In the West Sudetes (SW Poland), volcanic activity of Oligocene and Miocene age has left a suite of landforms of considerable geomorphological interest. Besides being relevant to the subject of volcanology, they illustrate how volcanism influences interplays with landscape development in the long-term. Three main geomorphological themes are explored: structural geomorphology of ancient volcanic terrain, volcanic remnants as markers of long-term denudation and hillslope evolution under periglacial conditions of the Pleistocene. Volcanic geosites are used as a resource for geotourism and promotion of geoheritage has intensified recently, with the region branding itself as the ‘Land of Extinct Volcanoes’. Ten localities are evaluated as geomorphosites of significant educational potential, taking into account geomorphological values, added values as well as physical accessibility and information supply.
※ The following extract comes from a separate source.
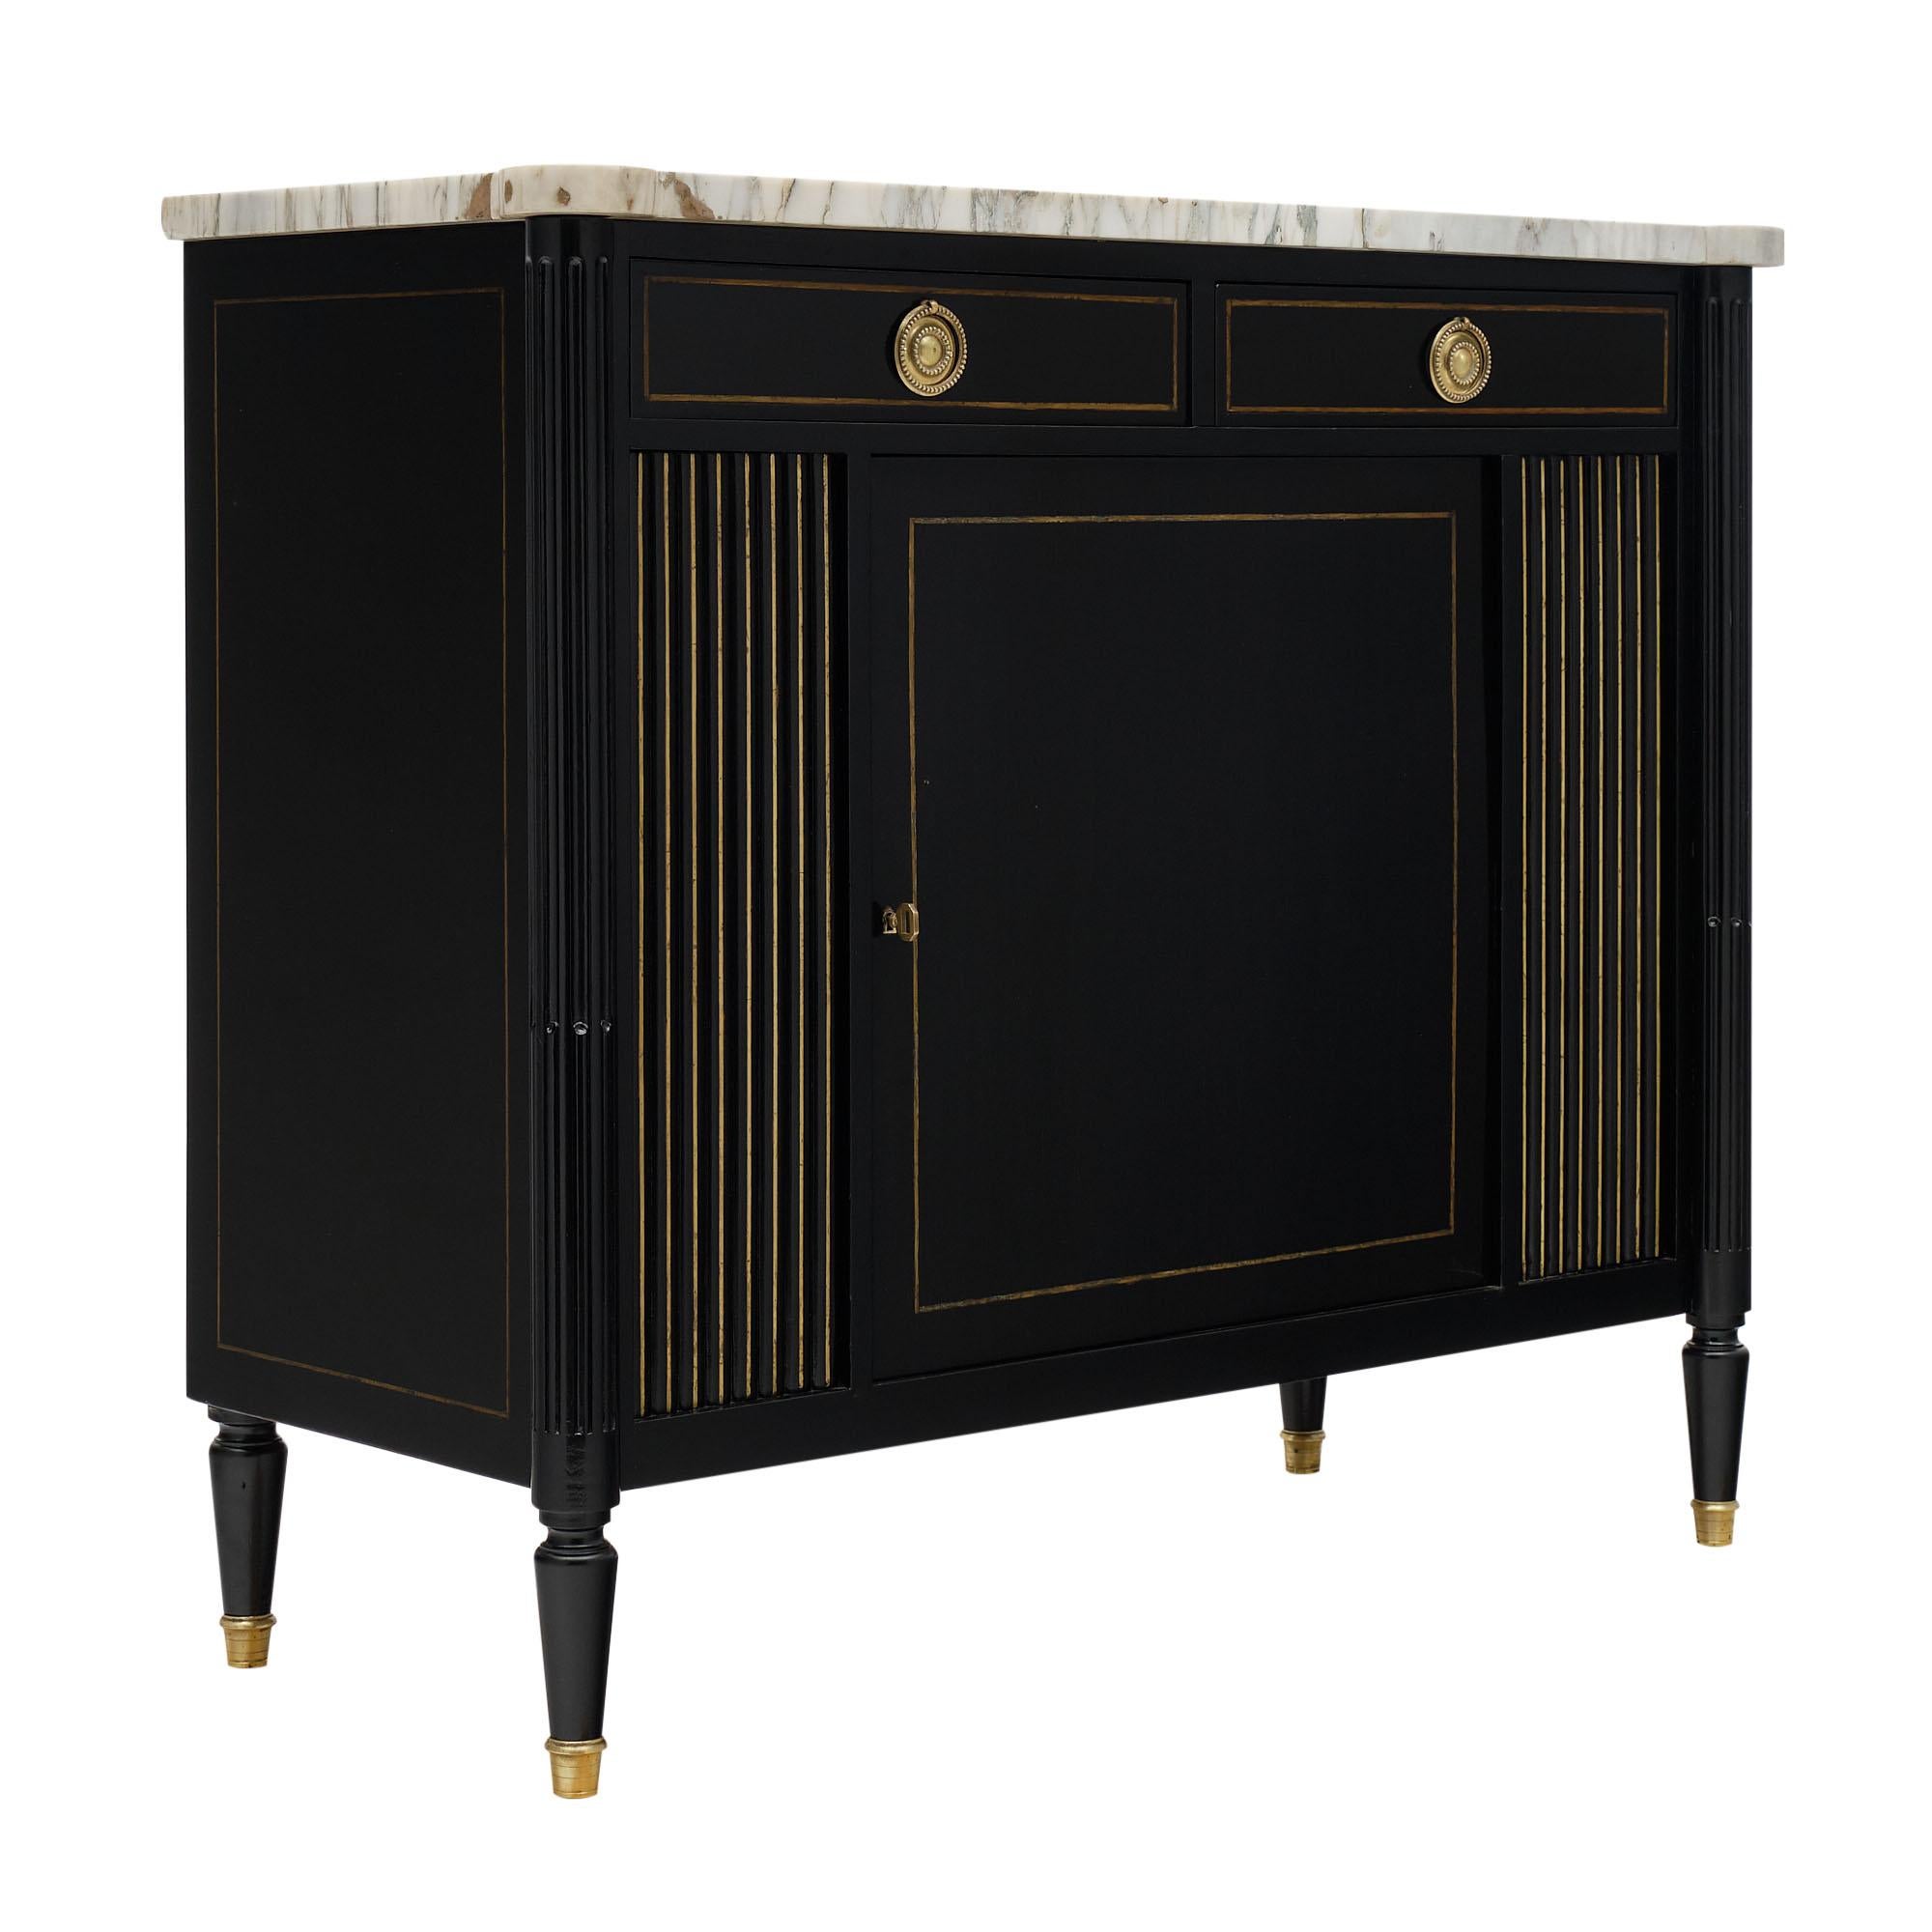 Buffet from France made of mahogany that has been ebonized and finished with a lustrous French polish. The brass inlays throughout add classic detail with finely cast bronze hardware and feet. The top is an intact Carrara marble top. There are two

Successful interpretation remains a key challenge in further geotourism development, and several associated practical issues are pointed out such as choice of terminology, uncertainties in scientific understanding and stand-alone attractiveness of geoheritage.

Keywords

Cenozoic volcanism Geomorphosites Geosite assessment Geotourism Sudetes 

Introduction

Volcanic events and volcanic landforms represent natural phenomena which have long generated considerable interest amongst both scientists and general public, with examples appearing since the antiquity (Erfurt-Cooper 2010, 2014). Today, fascination with volcanism is exemplified by countless publications, scientific and popular science alike, dedicated websites, museums and exhibitions, marked volcanic trails, etc. Many volcanoes or their groups, with associated geothermal phenomena and often curiously shaped landforms, are considered as the most valuable national heritages and protected in national parks and nature reserves. The World Heritage List of UNESCO now lists at least 16 volcanic sites (Wood 2009; Badman 2010), making contemporary volcanism the most represented theme amongst all Earth science themes (Dingwall et al. 2005). Numerous European geoparks, whether within the European Geopark Network or designated at a national level, explore volcanic themes, both ancient (e.g. Petrified Forest on Lesvos, Greece; Egeria, Germany; Góra Świętej Anny, Poland) and more recent (Eifel, Germany), as well as contemporary volcanism itself (Katla, Iceland; El Hierro, Spain). Likewise, several global geoparks have been established in areas of either contemporary/sub-recent volcanism (e.g. Unzen and Aso, both in Japan; Wudalianchi, China; Batur, Indonesia) or with significant palaeovolcanic heritage (e.g. Hong Kong Geopark). Volcanic terrains feature prominently amongst National Parks and National Monuments in the USA, including such iconic sites as Crater Lake, Devil’s Tower and Hawaii Volcanoes.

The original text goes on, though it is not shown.